SECTION 9. Terms. This Agreement shall become effective on the date first
herein above written. This Agreement may be modified or amended from time to
time by mutual agreement between the parties hereto. This Agreement shall
continue in effect unless terminated by either party on at least ninety (90)
days' prior written notice. Upon termination of this Agreement, the Fund shall
pay to Unified such compensation and any reimbursable expenses as may be due
under the terms hereof as of the date of termination or the date that the
provision of services ceases, whichever is sooner.
Should the Fund exercise its right to terminate this Agreement, Avalon
agrees to pay a termination/conversion fee, simultaneous with the transfer of
all Fund records to the successor mutual fund service provider(s), in an amount
equal to the total compensation under this agreement for the 60 day period
immediately preceding the termination notice date. In addition, the Fund agrees
to pay for all conversion tape set-up fees, test conversion preparation and
processing fees and final conversion fees.

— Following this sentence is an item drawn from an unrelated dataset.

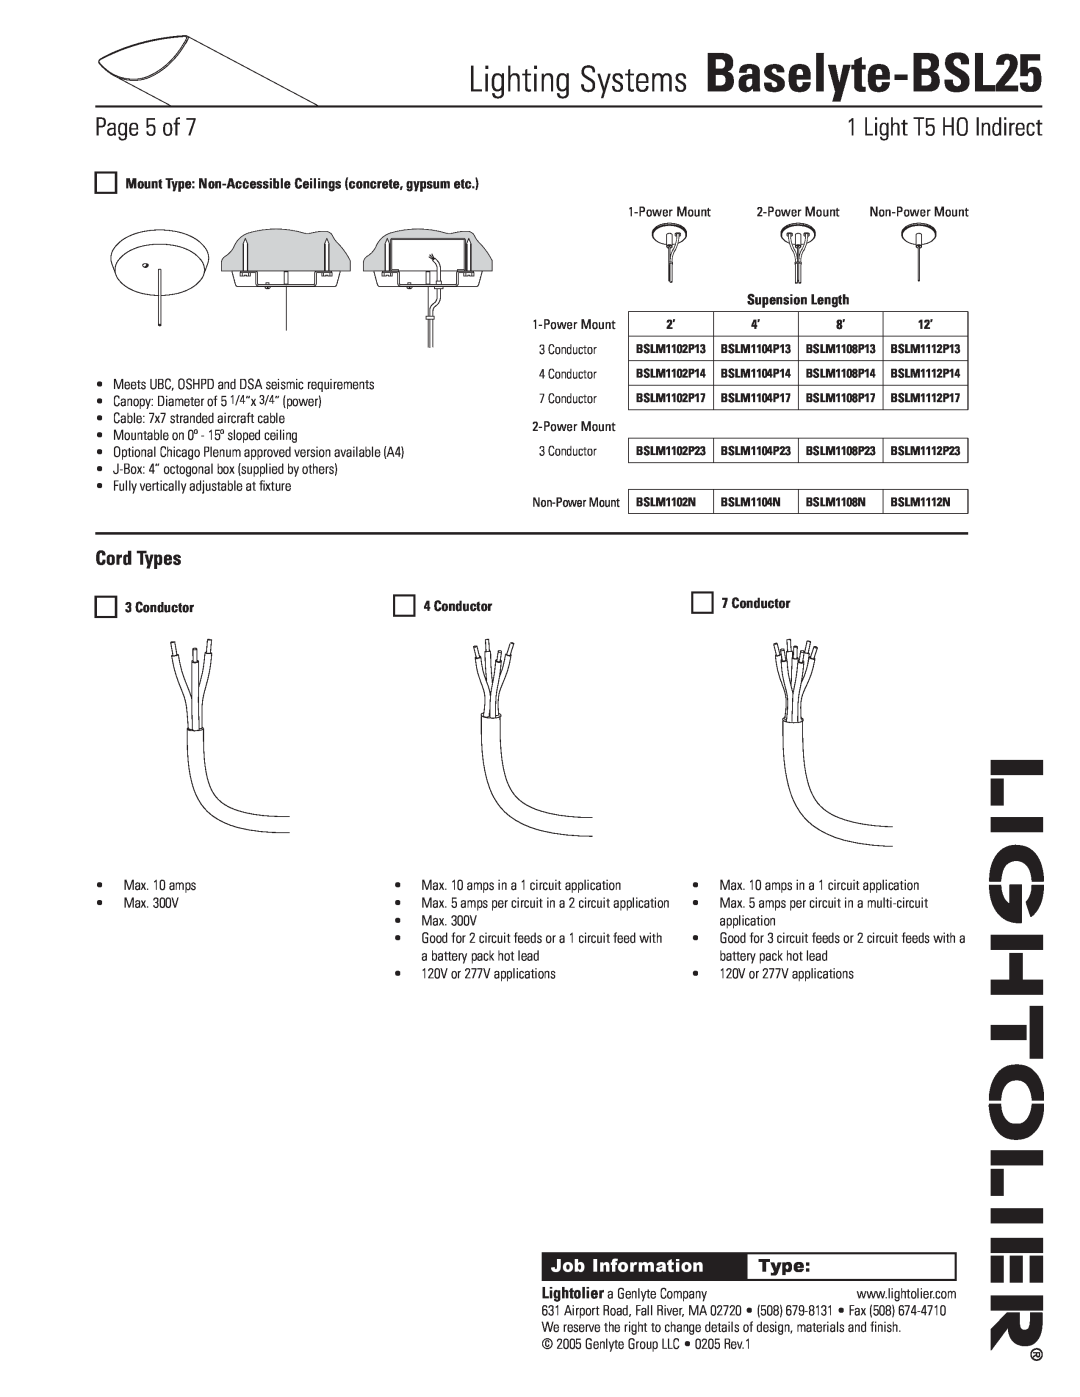 Lightolier Cord Types, Conductor, Lighting Systems Baselyte-BSL25, Page of,  Light T5 HO Indirect, Job Information

Such compensation to Unified shall be for the expenses incurred in
connection with the retrieval, compilation and movement of books, records and
materials relative to the deconversion or conversion of Fund records to the
successor mutual fund service provider as directed by the Fund. Notwithstanding
the foregoing, any amount owed by Avalon to Unified prior to the
termination/conversion shall still be due and payable under the terms of this
Agreement. No such compensation shall be due to Unified if Unified terminates
this Agreement for reasons other than a default by Avalon.
Upon the termination of the Agreement for any reason, Unified agrees to
provide the Fund with complete and accurate transfer agency, fund accounting and
administration records and to assist the Fund in the orderly transfer of
accounts and records. Without limiting the generality of the foregoing, Unified
agrees upon termination of this Agreement:
(a) to deliver to the successor mutual fund service provider(s), computer
tapes containing the Fund's accounts and records together with such record
layouts and additional information as may be necessary to enable the successor
mutual fund service provider(s) to utilize the information therein;
(b) to cooperate with the successor mutual fund service provider(s) in the
interpretation of the Fund's account and records;
(c) to forward all shareholder calls, mail and correspondence to the new
mutual fund service provider(s) upon de-conversion; and
(d) to act in good faith, to make the conversion as smooth as possible for
the successor mutual fund service provider(s) and the Fund.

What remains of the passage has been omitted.